Бард между тем чувствовал себя привычливо бодро, с невзгодами дороги и непогодой помогала справляться закаленная молодость. Проснувшись раньше Сида и заметив, что охотник опять отлучился, он выполз из-под одеяльных шкур и принялся хлопотать над завтраком, раздумывая чего-бы состряпать из имеющегося скудного провианта, да и к тому-же без очага. Покумекав, он растёр в деревянной кружке пряные травы, аккуратно разбил два припасенных еще с реки яйца кекликов и перемешал все вместе сухарным крошевом, приправив получившуюся густую болтунью небольшой щепоткой соли.
— Ох, кабы можно было все это дело изжарить! — подумал Бард, с сожалением поглядывая на торчащий из расселин сухостой, но огня разводить все-же не стал. Заслышав кряхтение Сида, он подвинулся ближе и протянул ему полную кружку:
— Доброго утречка, старина! Вот, я снова отличился — смастерил вполне пригожий завтрак. Бьюсь о заклад, ты такого не пробовал.
— Доброго и тебе, милсдарюшка! — протянул Сид, любопытно заглядывая в кружку, — А что это там у тебя плещется? Пряно пахнет, вкусно небось!
— Это изысканное Венгардийское лакомство, — важно заявил Бард, — Называется гогель-могель! Правда его принято делать сладким, с обязательным добавлением мёда и крепкого двухгодичного рома, но что уж поделать — чем богаты, тем и потчуем!
Приняв кружку, Сид аккуратненько отхлебнул и, немного почмокав губами, одобрительно закивал головой.
— Про этот вашенский когель-ногель я не слыхал, но у нас в Сильдене похожий напиток называют яичным пивом. Оно к нам из Нордмара пришло: по тамошнему рецепту тоже полагается делать напиток сладким, правда к мёду примешивают побольше густых сливок, или-же заливают доверху жирнющим коровьим молоком.
— Ищ ты, — довольно крякнул Бард, — Вот бы отведать! Но все-же мой гогель-могель звучит, по-моему, лучше.
— А у нас, на Хоринисе, этот напиток гагер-нагером кличут, — раздался голос воротившегося охотника, — И делают его из яиц падальщика, смешивая желтки с виноградным сиропом и растёртым в крошево листом серафиса. Очень сильно помогает от зимних хворей и детских желёзок, до сих пор лесная бабка Саггита сельских пострелят этим снадобьем лечит.
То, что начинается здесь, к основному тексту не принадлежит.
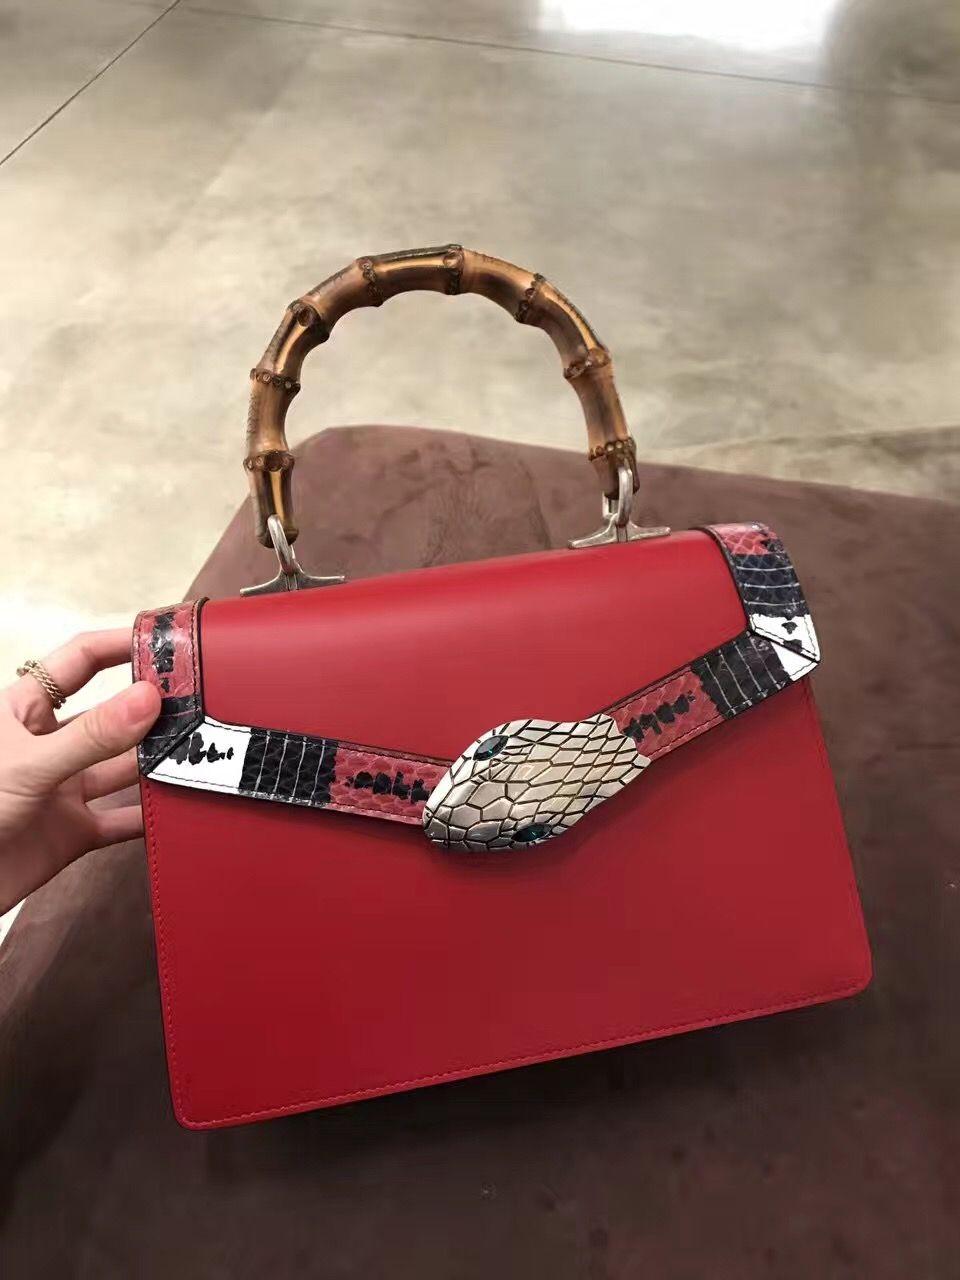 b5f8078b2e2 Gucci snake head bamboo handle bag 453750 #gucci #handle # bag #453750  #bamboo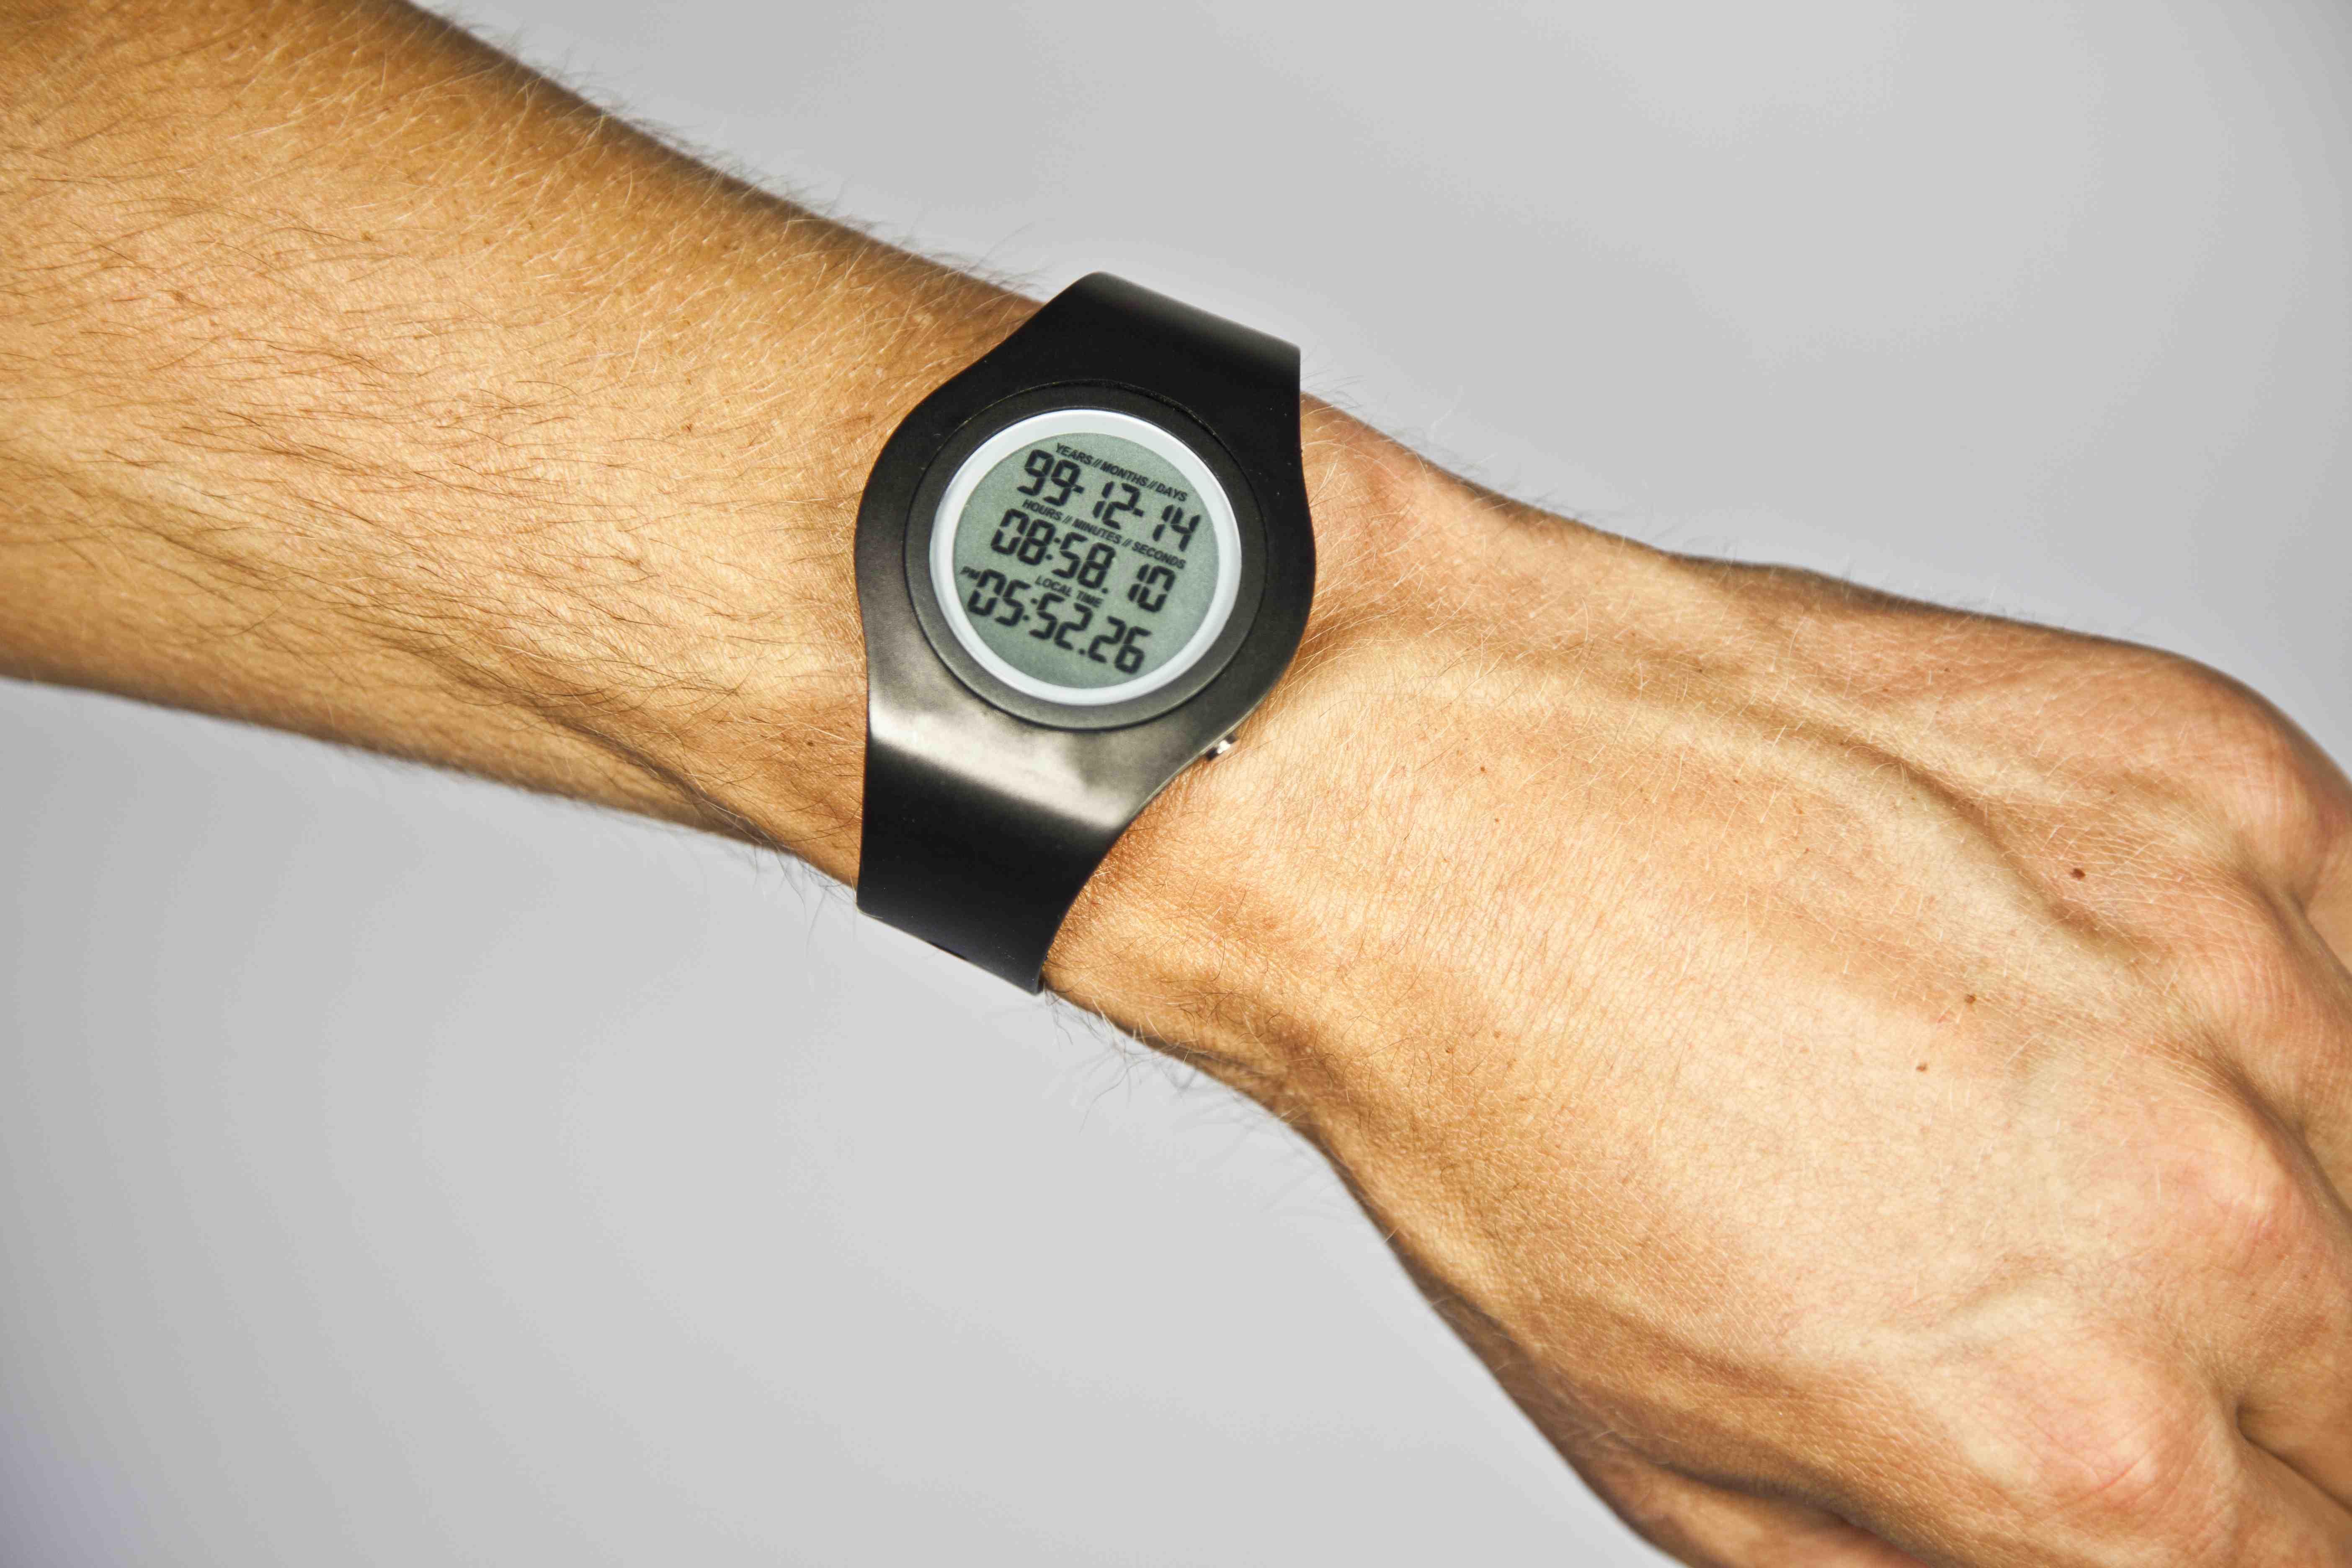 A Morbid Carpe Diem: Tikker Watch Counts Down Wearer's Life Expectancy

Впрочем, завтракайте быстрее, боюсь что новости у меня не самые лучшие.
— Что там? — буркнул Сид, вымачивая остатки напитка краюхой чёрного хлеба. На душе у него итак беспокойно скреблось, поэтому к дурным новостям он отнесся чуть-ли не с полным равнодушием. Бард-же наоборот, мигом отложил еду и навострив уши изготовился слушать.
— Ну, во-первых погода сильно испортилась, — молвил охотник, — Полторы-две версты вверх по склонам мы еще как-нибудь преодолеем, а дальше облака лежат на верховьях и не видно ни зги, поэтому ход придется замедлить. Всяческие же промедления нам сильно не на руку, ведь погоня от нас если и отстала, то не так чтоб уж шибко: в трех верстах книзу есть один холм, старые ловчие его еще «наблюдательным» кличут, с него в погожий день весь край как на ладони раскрывается до самой низины. Погода-то, конечно, нынче дрянь предрянная, но костерок около нижних опушек я все-ж смог разглядеть. Как пить дать, погоня наша лагерь разбила подле прилесных холмовий, ну и как только туманы от реки отойдут, то выступят за нами наверх. Оттоль до нас — вёрст эдак пятнадцать, не больше, а справные мужики хоть-бы и тутошних дорог не зная такое расстояние преодолеют до полудня, особо при этом не запотев. Ну а ежели мы сами до полудня проберемся через тутошние косогоры и свернем наконец на восток, то может от погони наконец отделаемся: восточное плато для быстрого хода крайне пригоже — оторвемся верст на двадцать, а там уж и Маги Воды подсобят.
Наскоро упаковав поклажу и собравшись с духом, путники покинули уже казавшуюся почти родной лощину, выступив обратно на горную дорогу. От непрекращающейся холодной мороси разбитая тропа порядком осклизла, поэтому идти приходилось медленно, пристально следя за каждым шагом. Шли молча; Сид — тяжело припадая на короткий походный посох, Бард — легкой, но в то же время неуверенной поступью, и охотник Драгомир — впереди всех, зорким глазом осматривая округу дабы выискать то и дело теряющуюся меж рытвинами тропу. Пополудню вышли на крутое, поросшее сухим репейником угорье, сизо-серые облака прилегли путникам почти почти-что на макушки. Охотник объявил короткий привал, сам-же отлучился обратно, проведать как там поживает погоня, воротившись-же сообщил что вроде-бы никого видно не было, но из-за выклубившихся книзу туманов округа проглядывалась от силы на полторы версты. Скудно попотчевав двинулись дальше, покатый склон медленно выровнялся и тропа, обогнув небольшую россыпь заросших терновником валунов, повела в сторону глубокого оврага.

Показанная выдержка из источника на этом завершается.